# Casting trouble



## hsiF deR (Oct 4, 2009)

I gave it my best effort on Saturday and I was humbled big time. Casting was so much more difficult than I had thought.
I practiced some at the house but never had a leader or fly, just practiced casting the fly line. I did pretty good casting reasonable distance making me think I had a shot at a tailing fish. Saturday came rolling around I tied on a leader and a fly, wow! I think the wind gave me some grief as well but in general I was casting terrible.


----------



## wtbfishin (Dec 2, 2011)

Back to "Sexy Loops" and practice, practice, it will come. :yes:


----------



## Jason (Oct 2, 2007)

Ahhhh mightie grasshopper, practice practice practice


----------



## kanaka (Oct 3, 2007)

Always works better in the back yard. It's kinda like the "buck fever" syndrome.


----------



## daniel9829 (Jan 31, 2009)

Watch sexy loops and do keep your cast in a 30-40 ft radius. With time you will extend your range. Good luck. One other think join the local flyfishing club


----------



## sureicanfish (Sep 30, 2007)

10 and 2, that's rule I break most often, always have to remind myself. That and to let the back cast have a second to get back there. I still can't false cast worth a crap.


----------



## raptor45 (May 7, 2015)

Here is a teaching video featuring Billy Pate. If you don't know who he is, you know how to find out.

Pay particular attention to his first principal: It's difficult to make a good forward cast without a great backcast. 

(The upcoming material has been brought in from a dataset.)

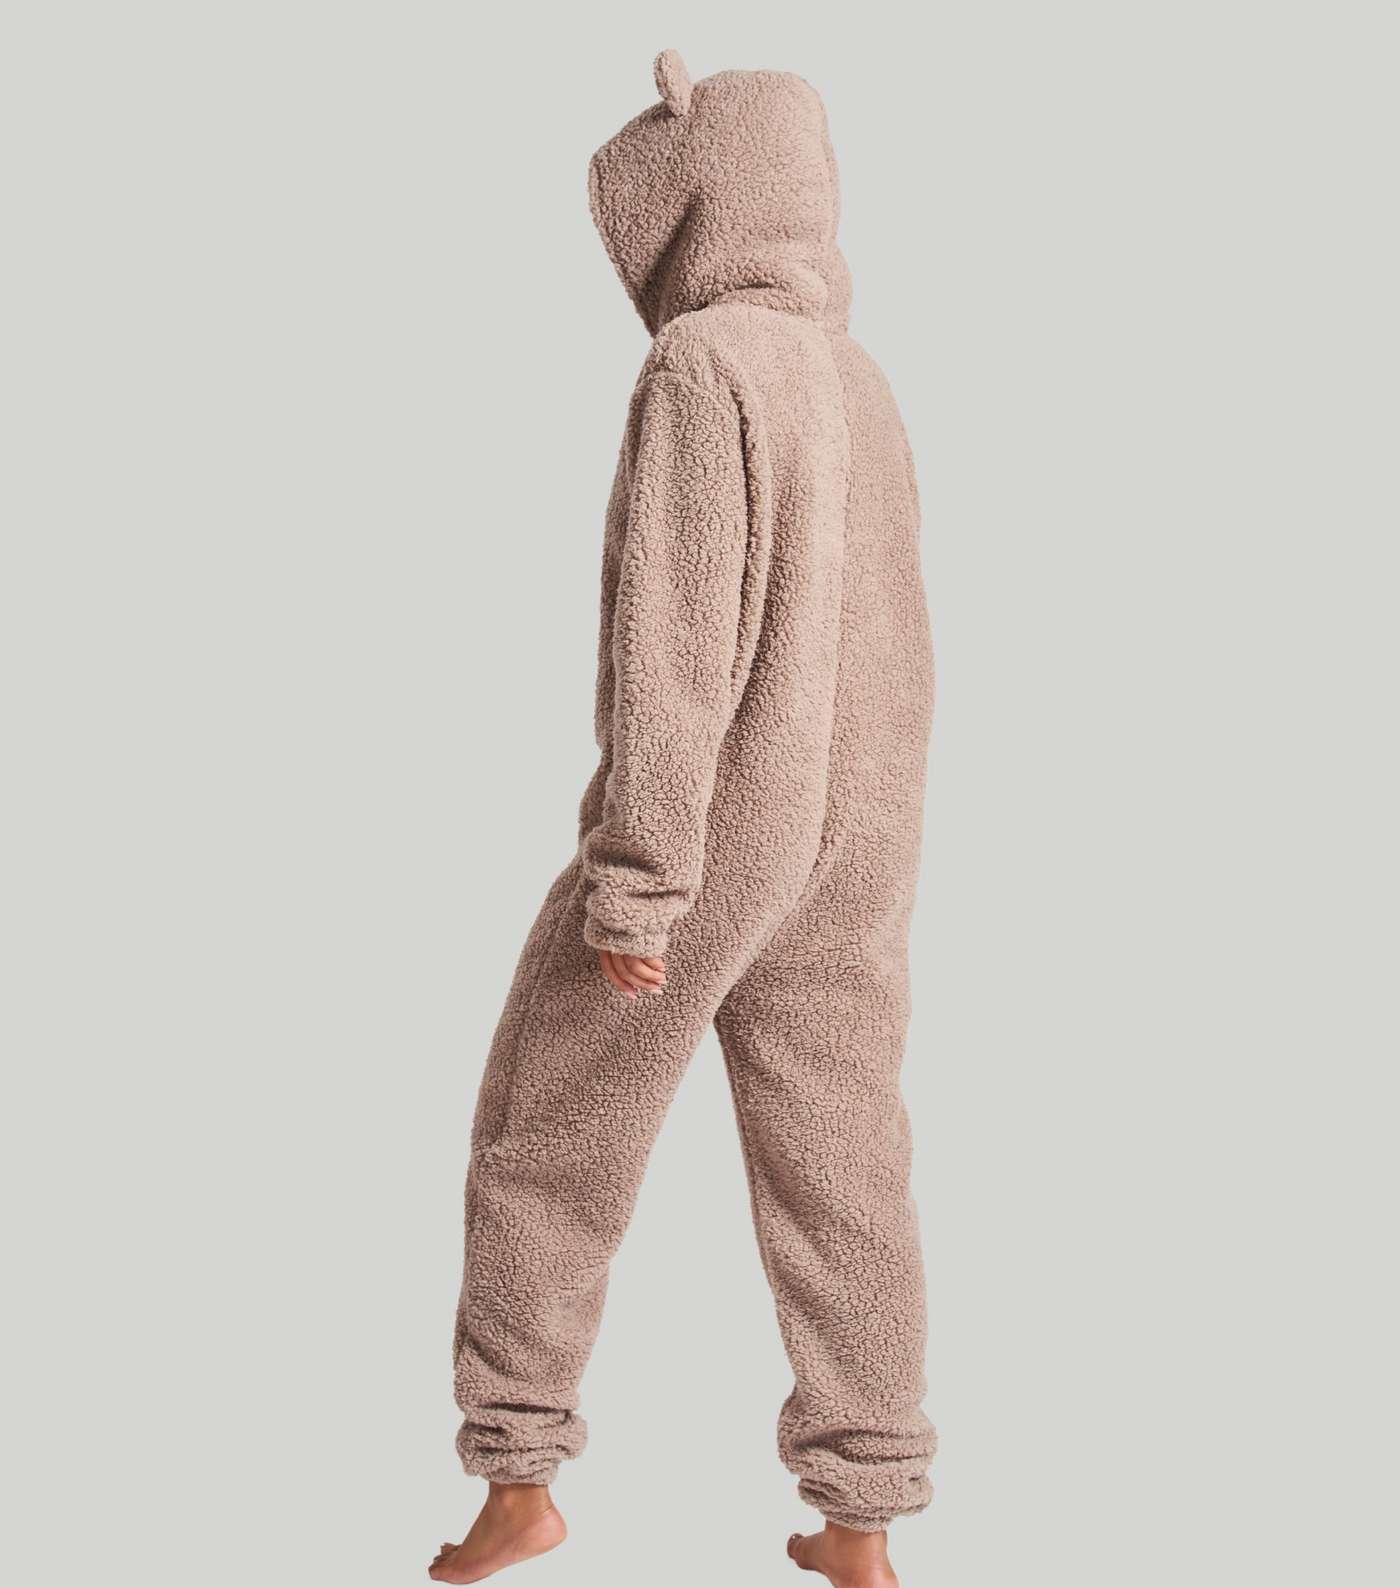 Loungeable Light Brown Borg Onesie with Ears Image 5

http://on.aol.com/video/fly-fishing-lessons-with-billy-pate----5-basic-principles-261513551


----------



## shadowwalker (Sep 9, 2010)

Im in the Fort Walton beach area and been teaching people fly rodding skills for over forty years. I'd be glad to help you if you wish. Just drop me a message if you have any questions.


----------



## flyfisher (May 31, 2008)

BTW, I would suggest you not cast your fly line without a leader. Doing so can cause damage to the end of the flyline.




hsiF deR said:


> I gave it my best effort on Saturday and I was humbled big time. Casting was so much more difficult than I had thought.
> I practiced some at the house but never had a leader or fly, just practiced casting the fly line. I did pretty good casting reasonable distance making me think I had a shot at a tailing fish. Saturday came rolling around I tied on a leader and a fly, wow! I think the wind gave me some grief as well but in general I was casting terrible.


----------



## ditz (Apr 22, 2012)

It is best to always have a leader on the fly line and best if you have a fly on the leader with the hook cut off. Even a piece of yarn is better than nothing.


----------



## 60hertz (Oct 1, 2007)

In addition to having a leader and a "fly" ties on for practice, take a video of yourself casting.

Compare the video of yourself to any of the 100's of people fly casting online. You'll quickly see what you're doing wrong. 

Orvis.com has an entire library of casting videos that are very well done.


----------



## kanaka (Oct 3, 2007)

shadowwalker said:


> Im in the Fort Walton beach area and been teaching people fly rodding skills for over forty years. I'd be glad to help you if you wish. Just drop me a message if you have any questions.


Take the man up on his offer. Capt Paul knows his stuff.


----------